= Villa Il Palagio =

Farm estate in Tuscany, Italy

Villa Il Palagio is a villa and farm estate in Figline Valdarno, in the province of Florence in the Italian region Tuscany. The estate has belonged to the musician Sting and his wife Trudie Styler since the late 1990s.

==History==
Il Palagio was built in the 17th century. In the late 18th century it was bought by the wealthy Martelli family. They sold it in 1819 to Countess Carlotta Barbolani of Montauto, the widow of the Duke of San Clemente and it remained in this family's hands for some 150 years. In the early 20th century, Duke Simone Vincenzo Velluti Zati di San Clemente was responsible for building an oil mill and grain store and beginning to produce wine in its vineyards. A chapel was added in 1958.
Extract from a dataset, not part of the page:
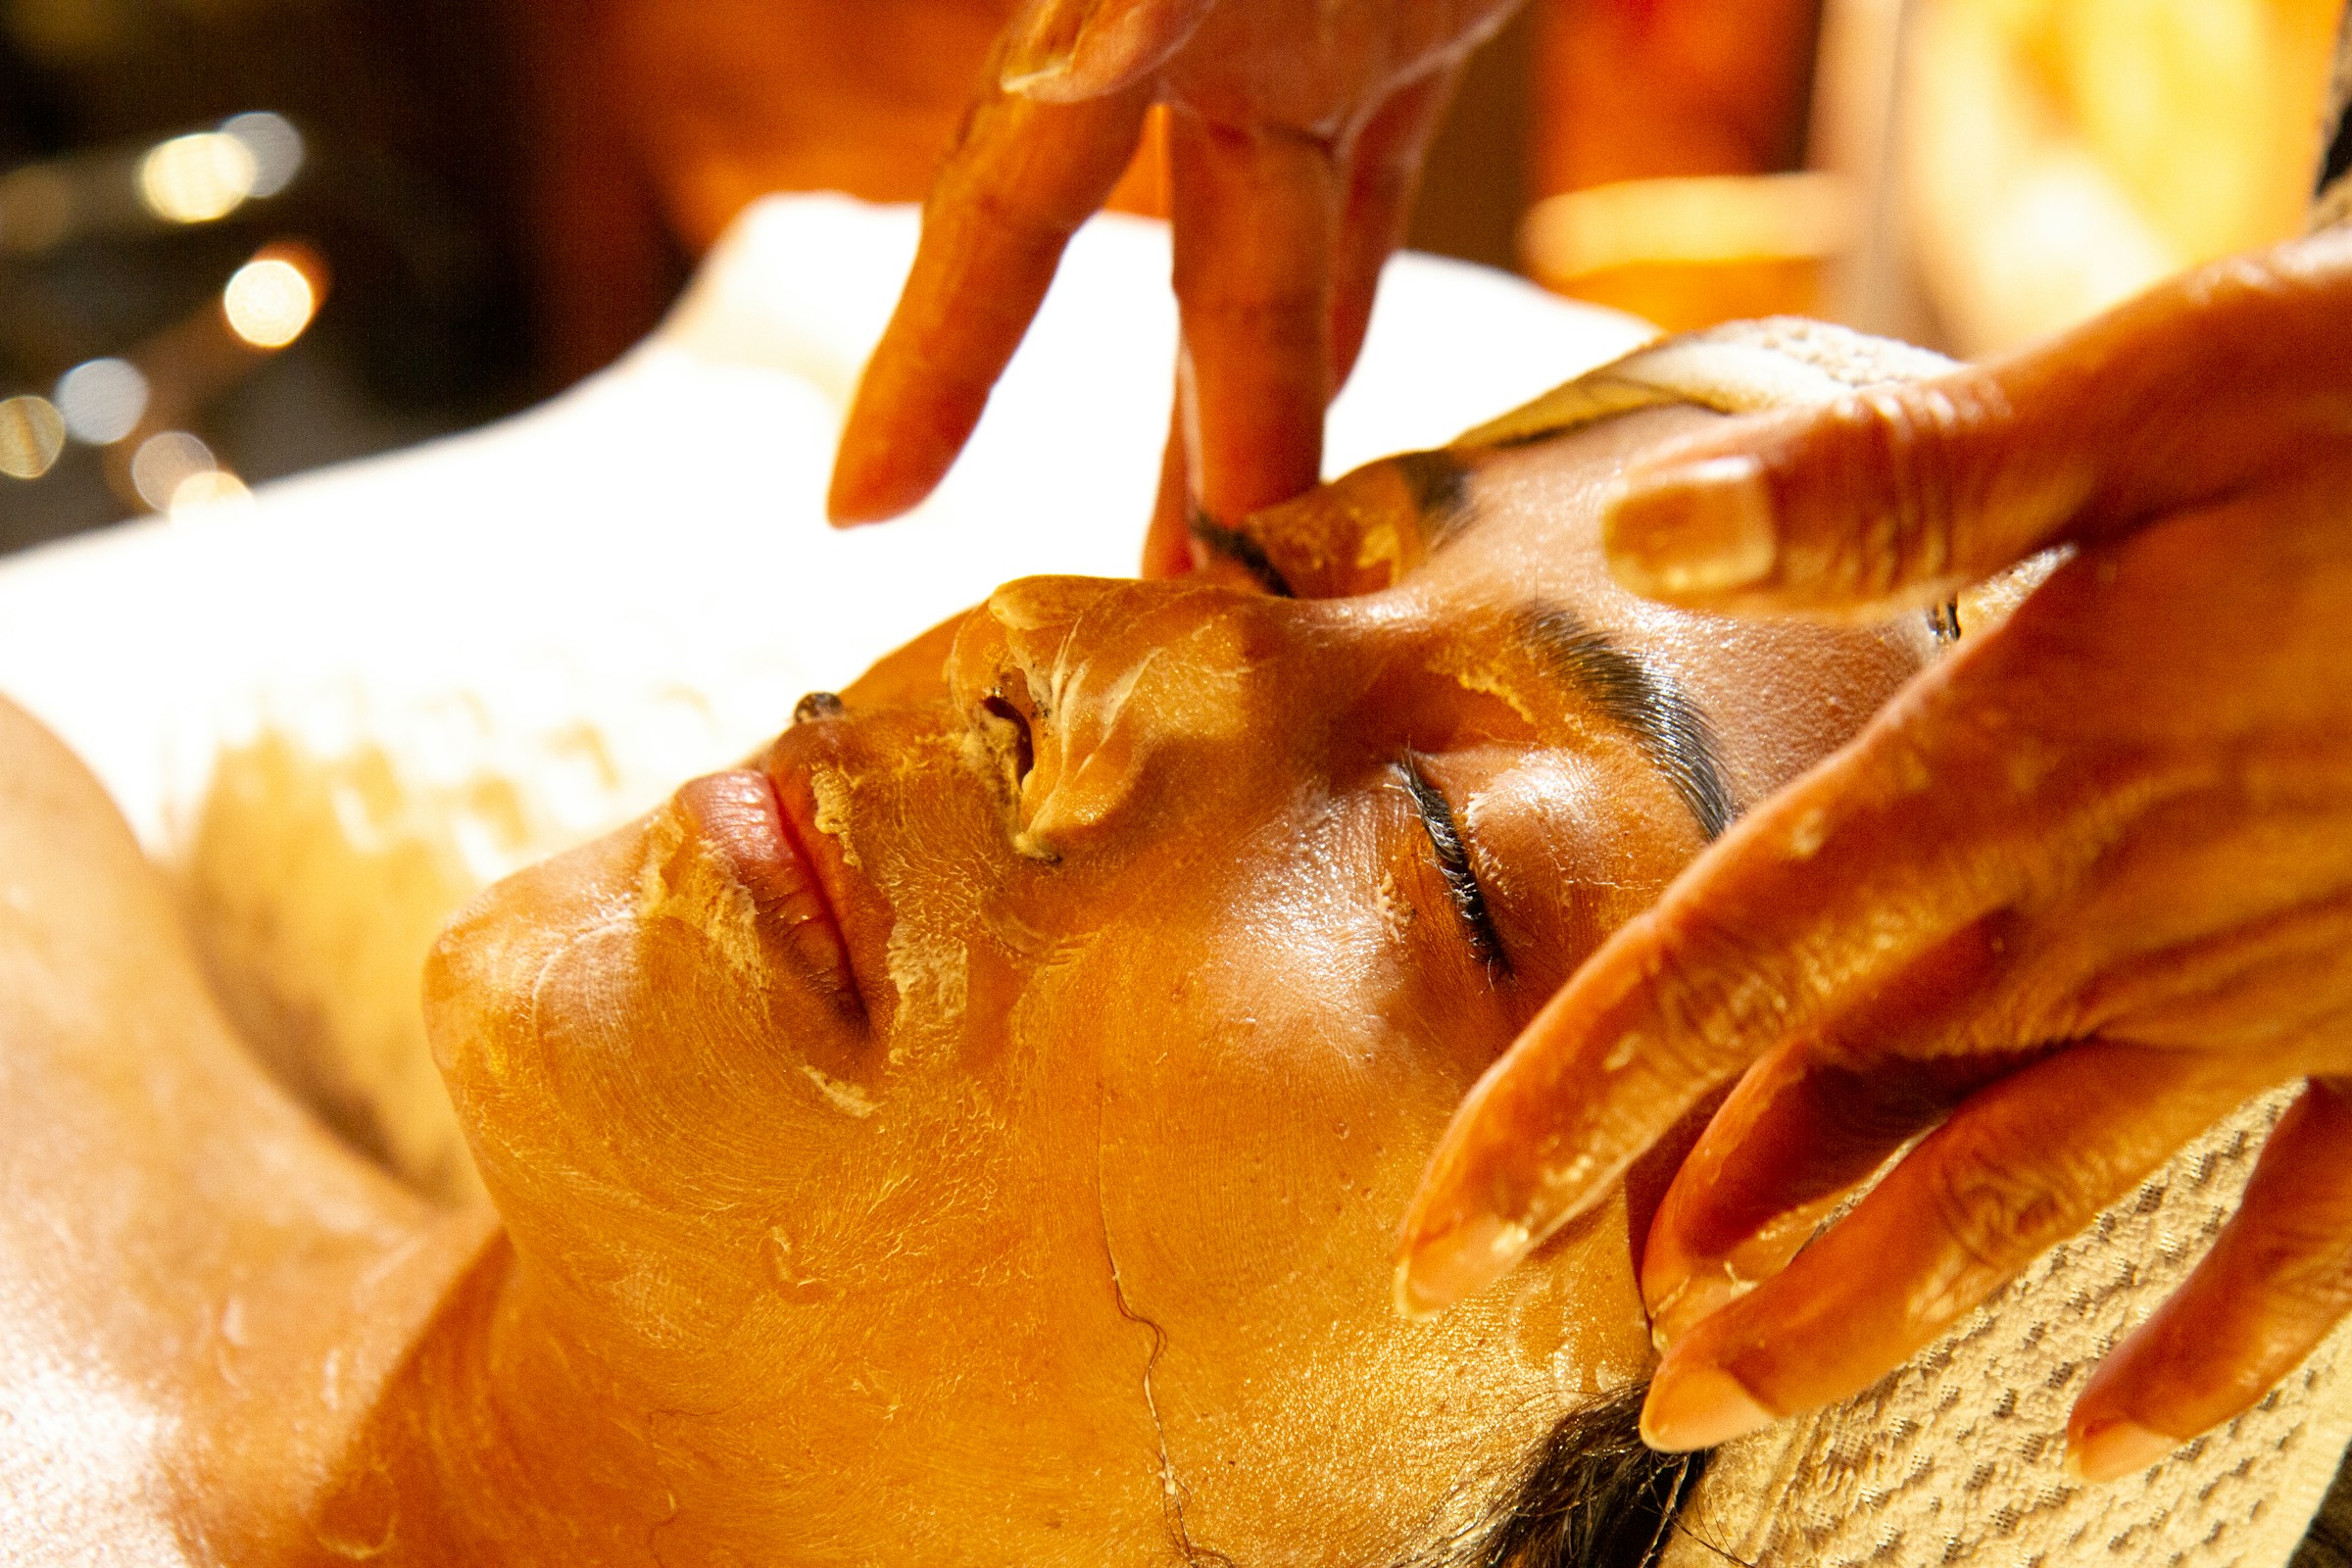 A woman getting a gold facial | Source: Unsplash

The estate was purchased by Sting and his wife Trudie Styler in 1999. When the couple bought the villa it was in a state of disrepair and they hired architect Arabella Lennox-Boyd to carry out a full restoration of the estate, which took seven years. On 11 September 2001, Sting and a large ensemble of musicians recorded the live album All This Time at the villa on the same day at the September 11 terrorist attacks. Sting's song "Fragile" was dedicated to the victims of the attacks. In 2009, winter photography of the grounds covered in snow was taken for Sting's album release that year, If on a Winter's Night.... Both that and his 2006 album Songs from the Labyrinth were written at the estate. The second phase of rehearsals for The Police Reunion Tour took place over the course of four weeks at the estate in the spring of 2007. The bells featured at the beginning of "The Bells of St. Thomas" from Sting's 2021 album The Bridge are a recording of the bells of Il Palagio. Sting and Trudie often host parties and private concerts for friends and family at Il Palagio.

==Features==
The villa was built in the 16th-century Tuscan style and the estate contains four guesthouses and two annexes to the main villa, which can accommodate up to 50 guests, and up to 500 guests for wedding receptions and parties. The estate has a life-size chessboard, a treehouse overlooking a lake, a chapel and a giant statue of Buddha, a yoga centre, a tennis court, and a swimming pool.

==Produce==
The estate, of some 350 hectares, is run by Paolo Rossi and his brother Joe who is the head chef. Gluten-free breads and pizzas are on the menu. The estate is a producer of wine, honey, cherries, apricots, peaches and olive oil. It has been making organic olive oil since 1999. As of 2014, the estate produces six different wines.